Pollution Control Agency

  • Efforts to develop the recycling of organic material like food scraps get funding in the bill. Advocates testified that increased funding is needed to meet a recycling goal of 75 percent of waste produced in the Twin Cities metropolitan area. The bill would take $7 million from the existing tax on trash hauling and disposal that is currently being deposited in the General Fund and direct the money to counties as part of the SCORE program. Advocates initially proposed all of the $22 million that’s currently going to the General Fund be steered to the SCORE program. But that would have exceeded the committee’s fiscal target. The proposal was initially introduced as HF2564 by Rep. Frank Hornstein (DFL-Mpls).
  • Lawmakers are hoping a relatively small amount of money goes a long way in learning how non-biodegradable plastic beads used in cosmetic products pose a threat to the health of the state’s surface water.
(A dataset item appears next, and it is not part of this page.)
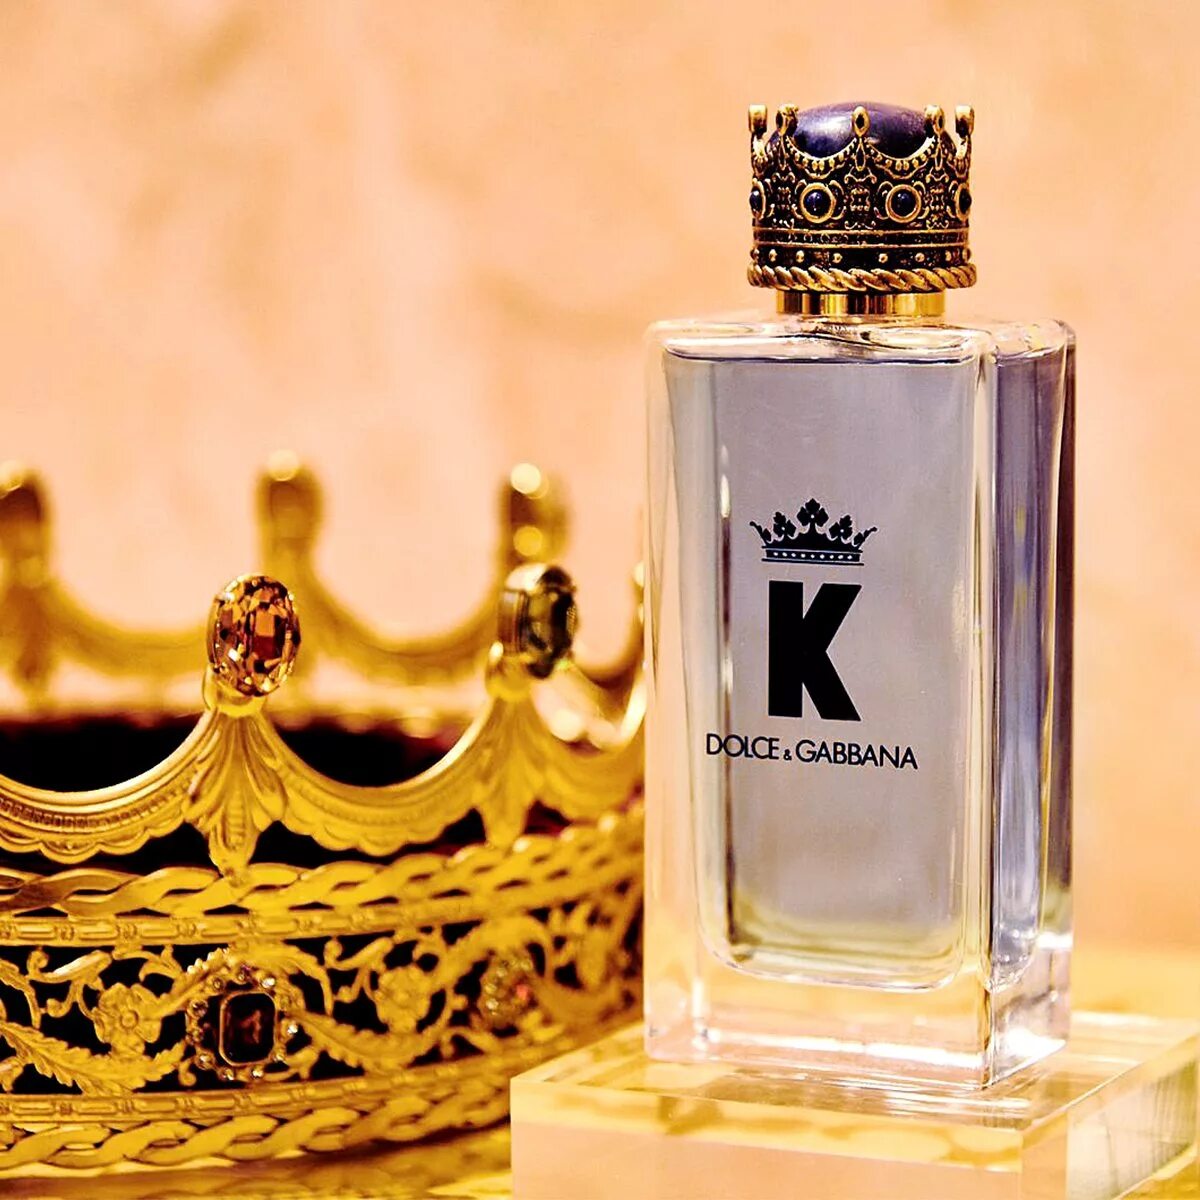 Dolce Gabbana King 100ml. Dolce Gabbana King Parfum. Dolce & Gabbana King Eau de Parfum 100 ml. Dolce Gabbana k King 100ml EDT.

The agency would receive $1,000 to study the existing literature on the damage that tiny micro beads cause to ecosystems and human health. A PCA official testified the tiny micro beads are getting through sewer systems and eventually threaten the food chain. The PCA would need to present its findings to the relevant legislative committees by Dec. 15, 2014. The bill was initially introduced as HF2101 by Hansen.
  • Concerned parents have come to the Capitol this session asking lawmakers to make it easier for them to obtain information about potentially harmful chemicals in their children’s toys. The so-called “Toxic Free Kids Act” would require makers of products that contain chemicals that are regarded as a “high concern” by the Department of Health to notify the agency. Industry groups have raised concerns that the proposed law would differ from other state  laws. The bill would generate $335,000 in 2015 from the General Fund.
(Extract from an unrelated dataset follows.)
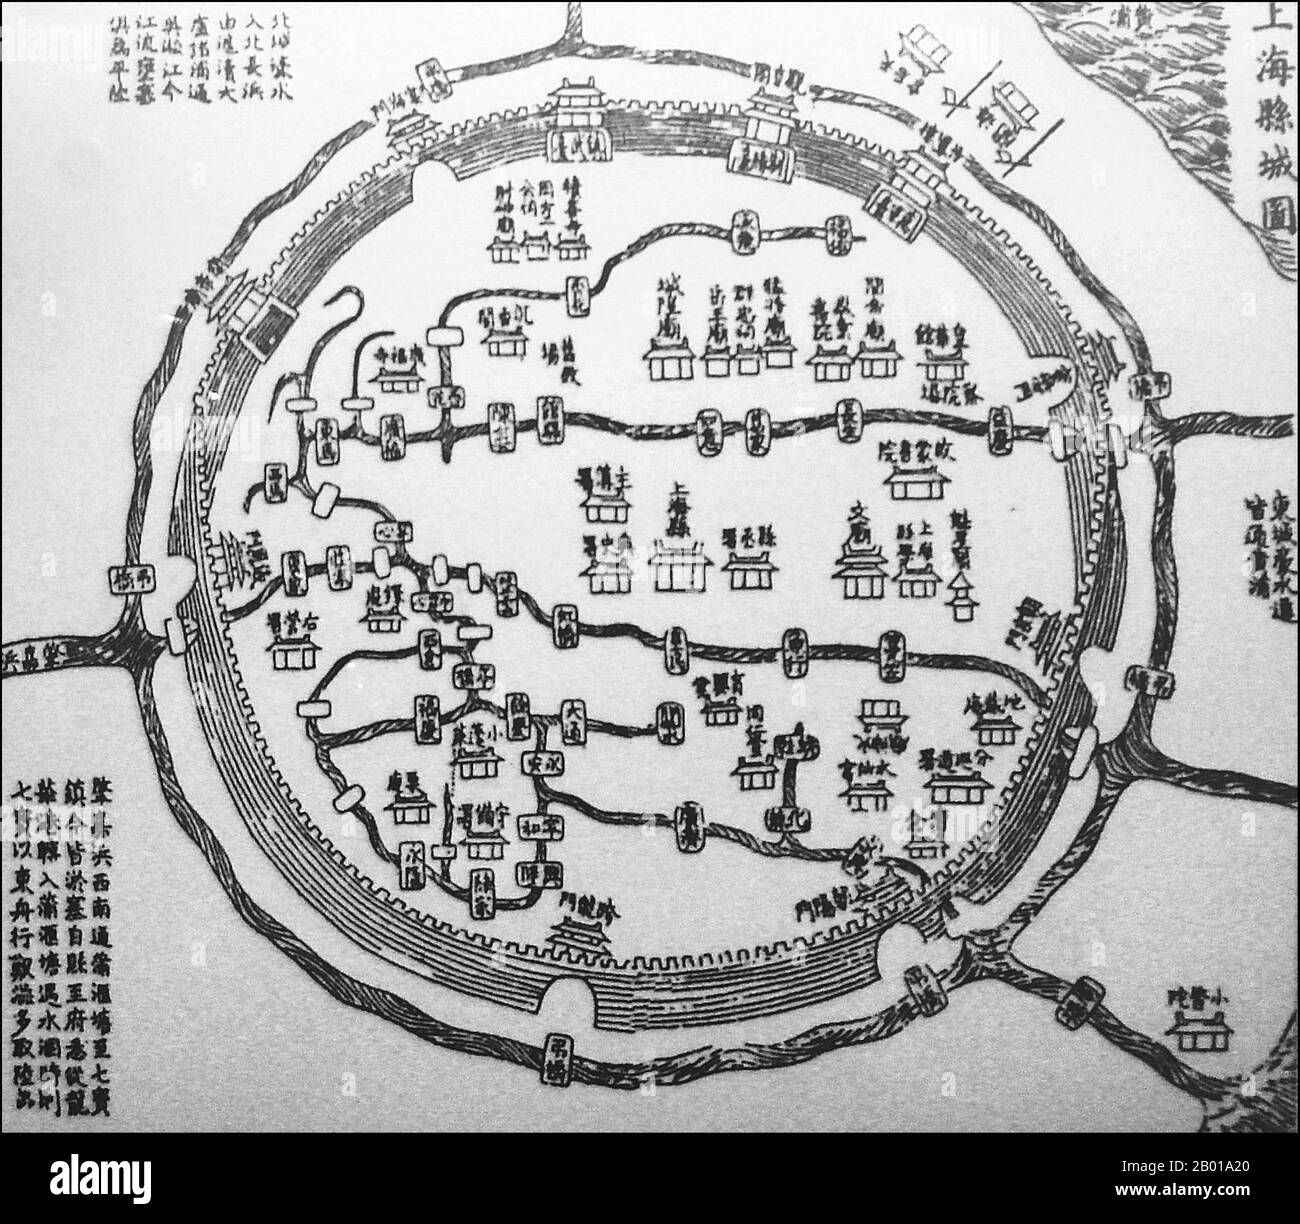 Cina: Una mappa cinese della città vecchia di Shanghai, 1553. La Città Vecchia di Shanghai (Shànghăi Gùchéng) si riferisce alla zona più antica di Shanghai, più spesso chiamata semplicemente Nanshi, 'Città del Sud', giacendo a sud dei vecchi insediamenti internazionali. Ha una forma circolare ed era circondato da un muro difensivo. Le caratteristiche notevoli includono il Tempio del Dio della Citta' che si trova nel centro della Citta' Vecchia ed e' collegato al Giardino Yuyuan. Oggi, la maggior parte delle mura sono state sostituite da ampi viali circolari, il Renmin Lu a nord e Zhonghua Lu a sud. Foto Stock

Department of Natural Resources

State parks need money to fix roofs and complete odd jobs that are too small to be eligible for bonding money. Of $2.1 million for the department, the bill would allocate $1.6 million from the General Fund for state park improvements. The funding would pay for deferred maintenance in parks, Wagenius said.

University of Minnesota

Invasive weeds and pests would want to stay away from the new Invasive Terrestrial Plants and Pests Center. The bill would give $5.1 million from the General Fund for the center at the University of Minnesota. The bill also would give the center $490,000 from the Environment and Natural Resources Trust Fund, which is supported by proceeds from the Minnesota Lottery. The proposal was initially introduced as HF1976 by Rep. Andrew Falk (DFL-Murdock).